▶ [INFORMATION PROVIDED]:
++++++++++

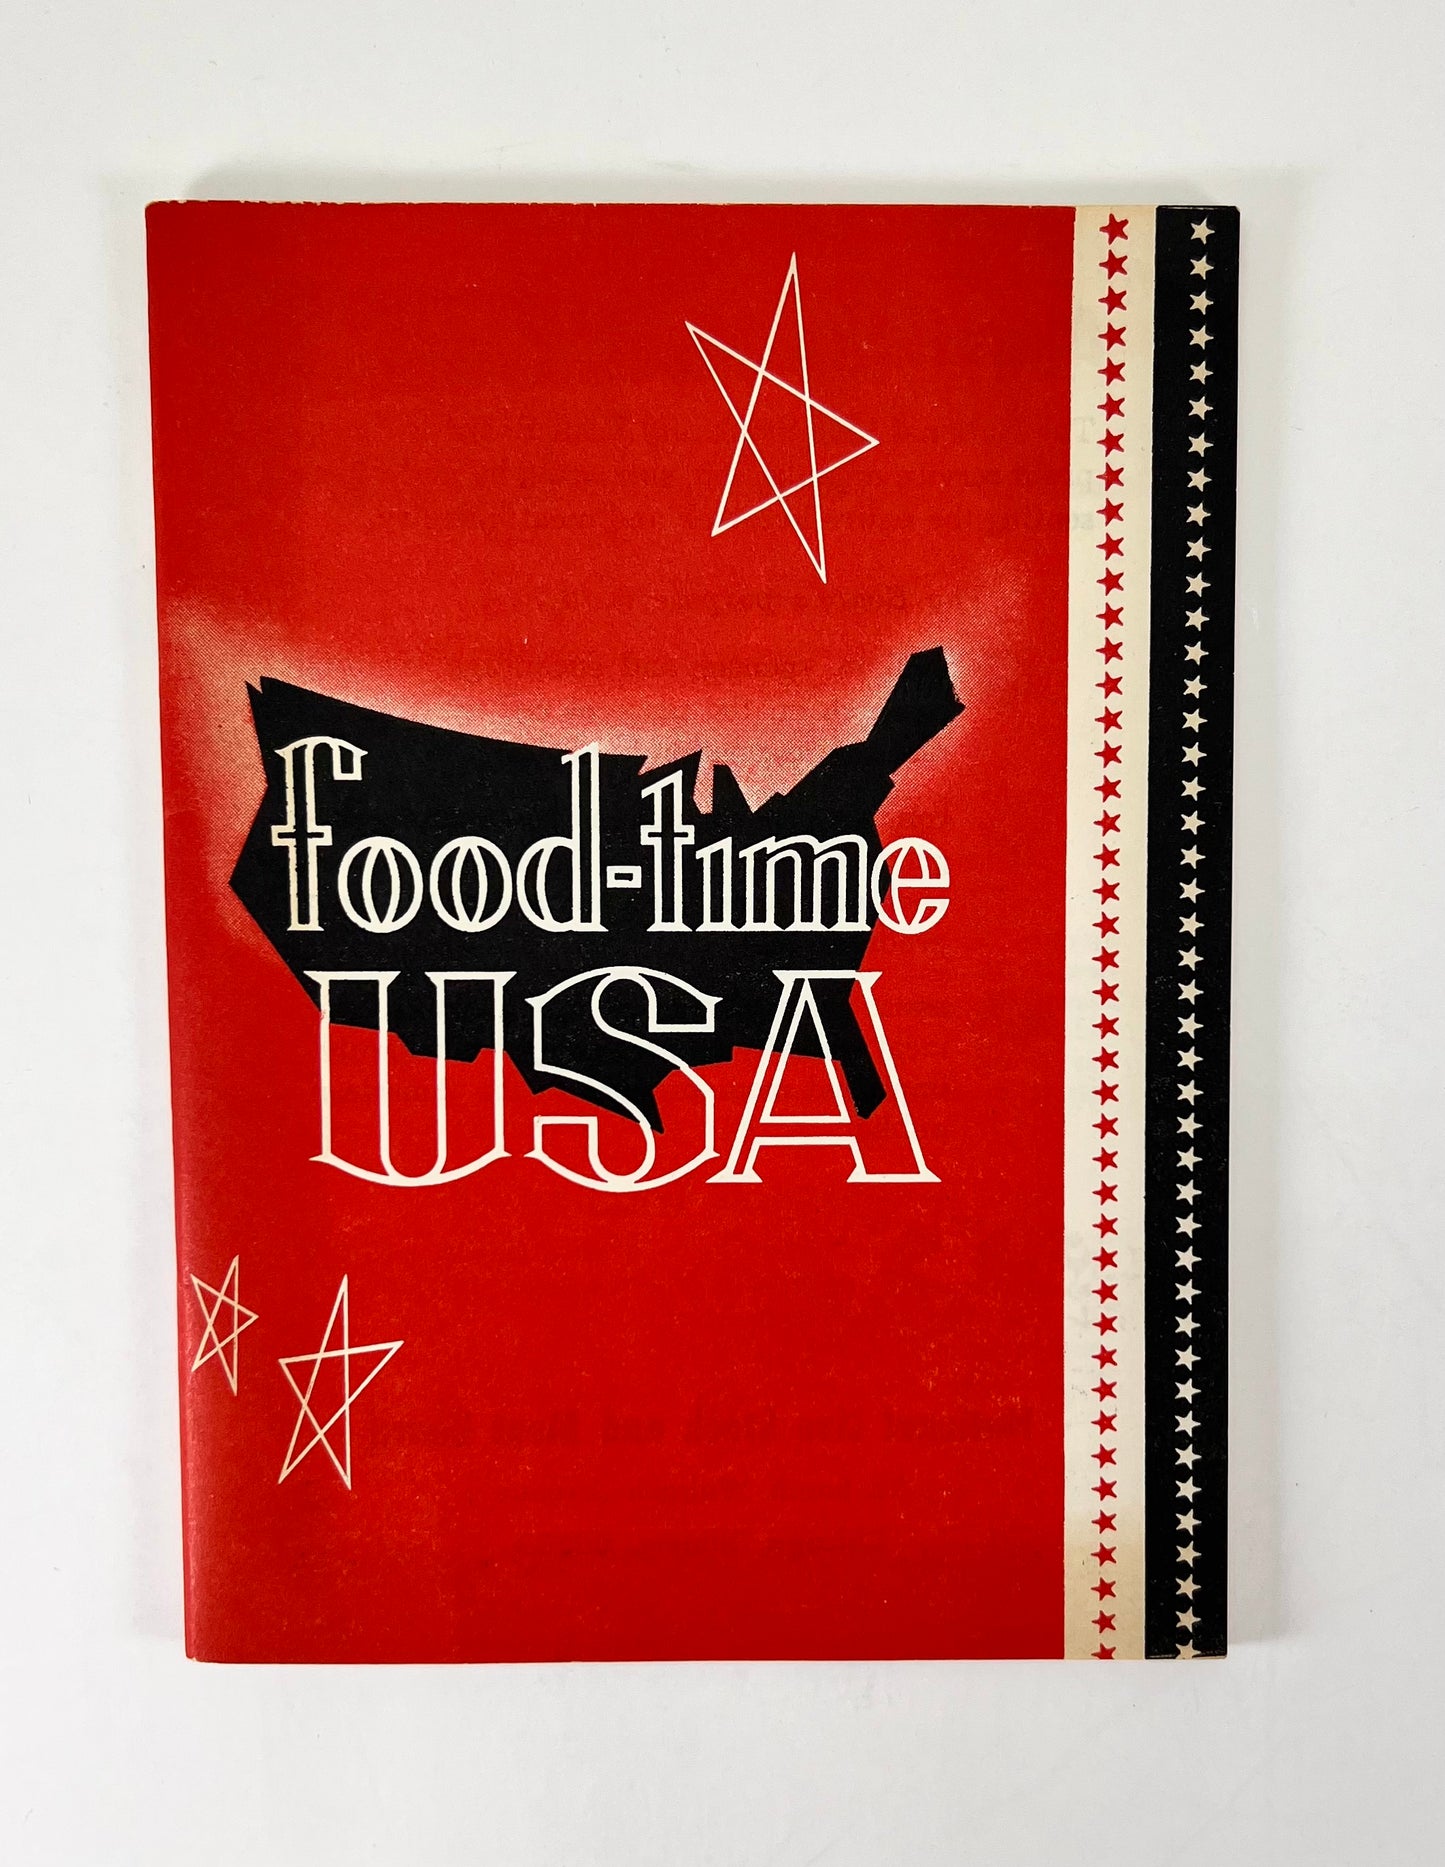 Food-time USA Cookbook from The National Live Stock and Meat Board and WEEU Radio, 1959
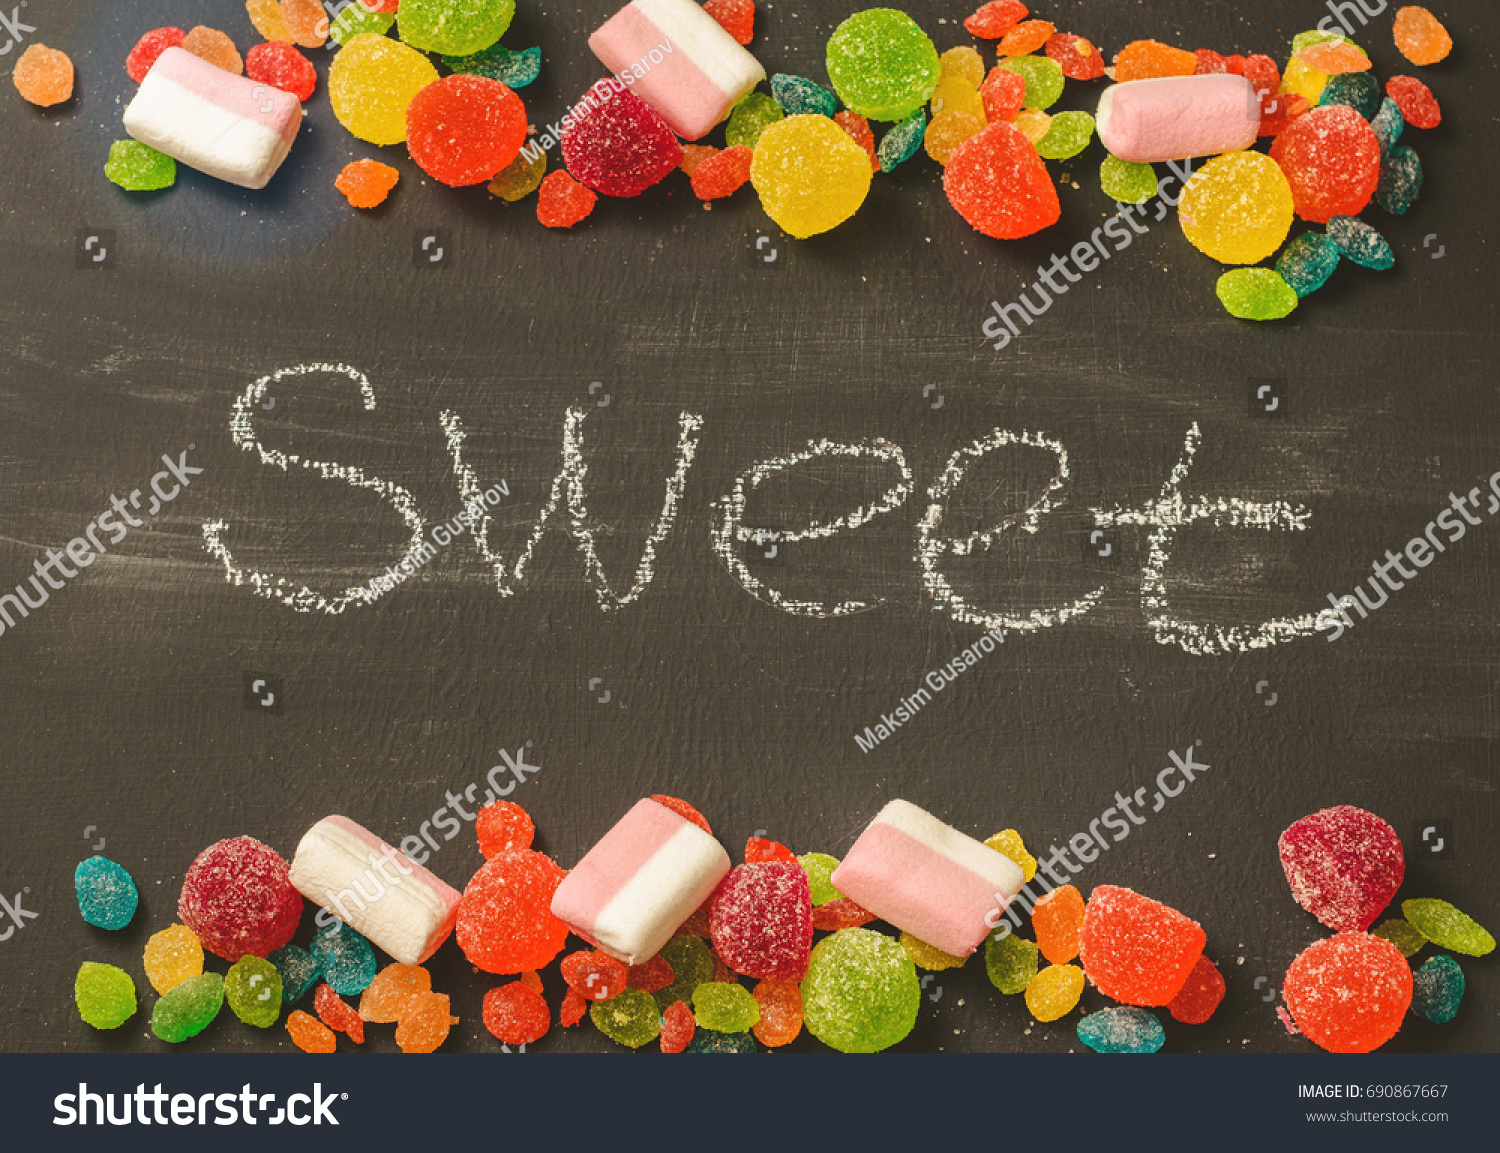 Bright colored candy, sweets, sweets on a dark background, top view #690867667
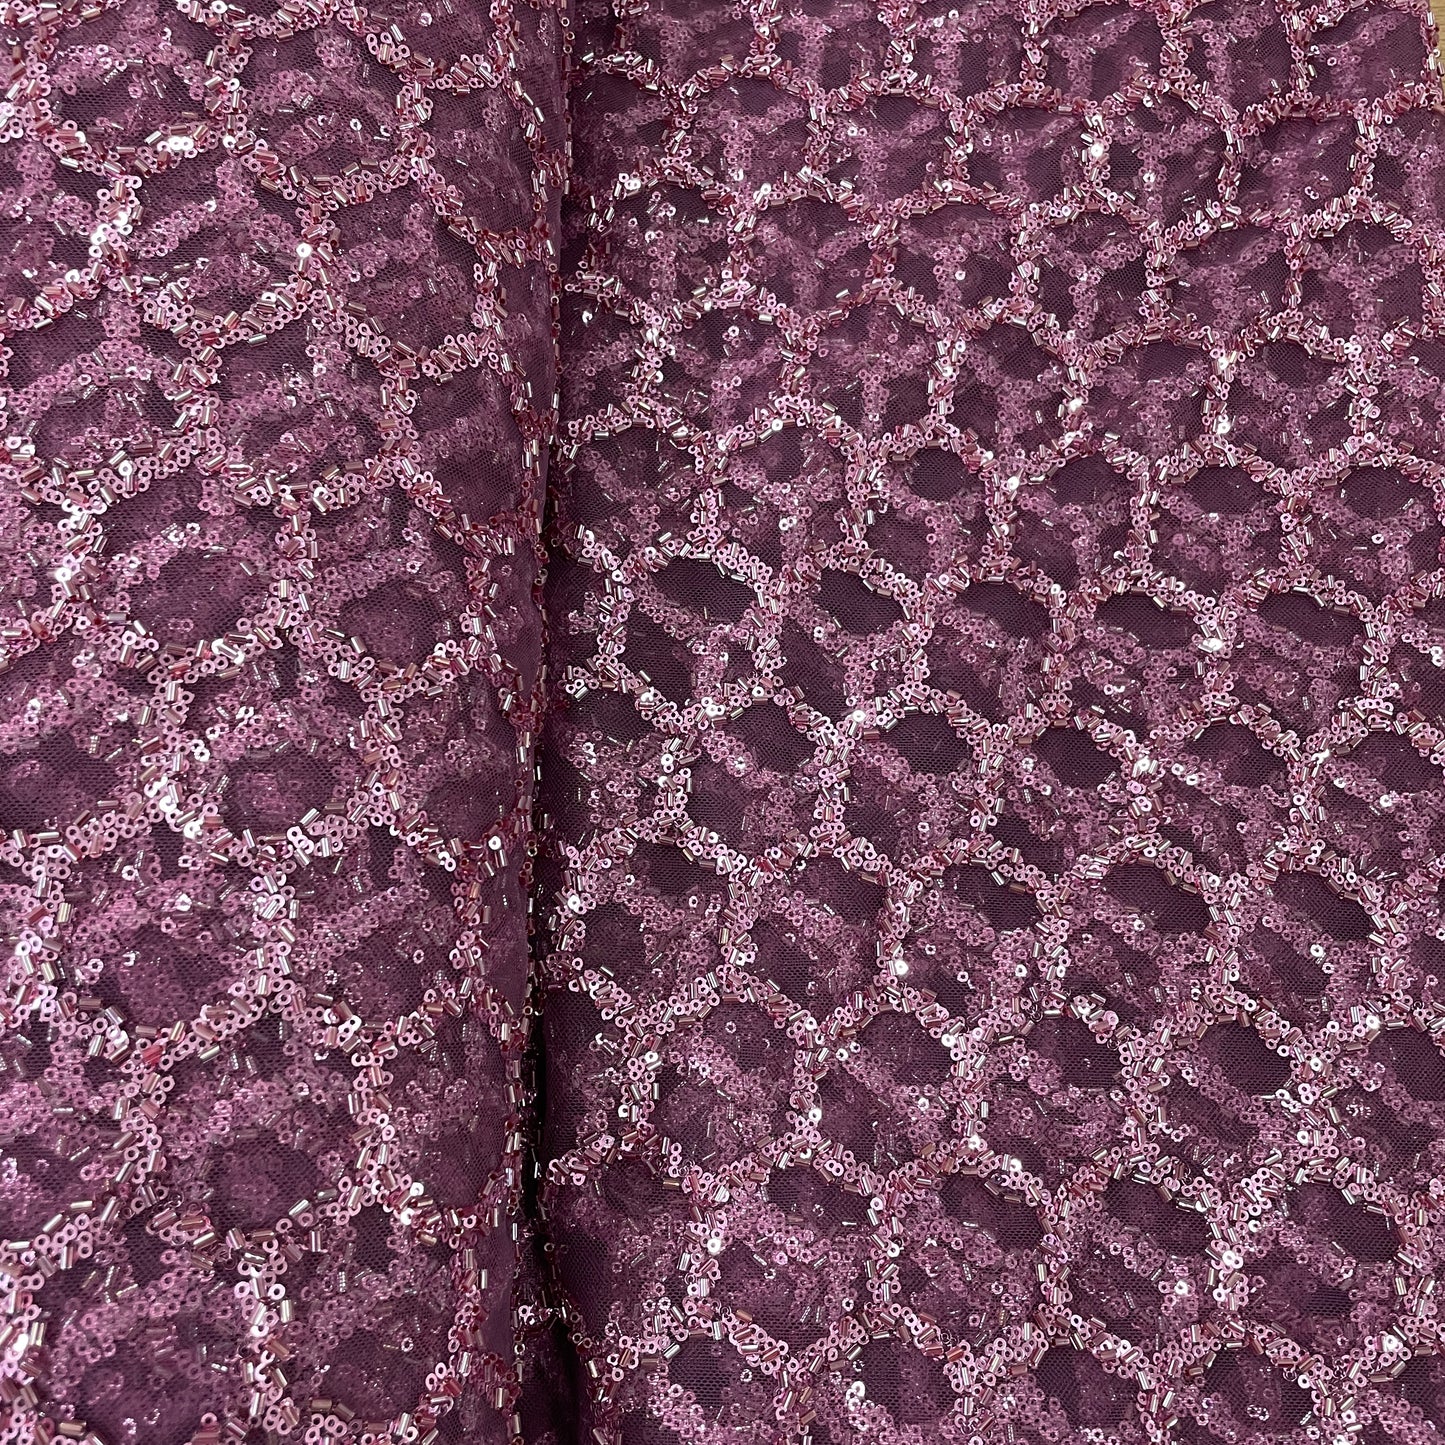 exclusive purple imported beads sequence embroidery net fabric

++++++++++

▶ [YOUR OBJECTIVE]:
Your copy should begin at the line containing "Bright colored candy, sweets, sweets" and end at the last line of the data above, matching each line exactly and holding no pictures.

▶ [ANSWER SPACE]:
 Bright colored candy, sweets, sweets on a dark background, top view #690867667
 exclusive purple imported beads sequence embroidery net fabric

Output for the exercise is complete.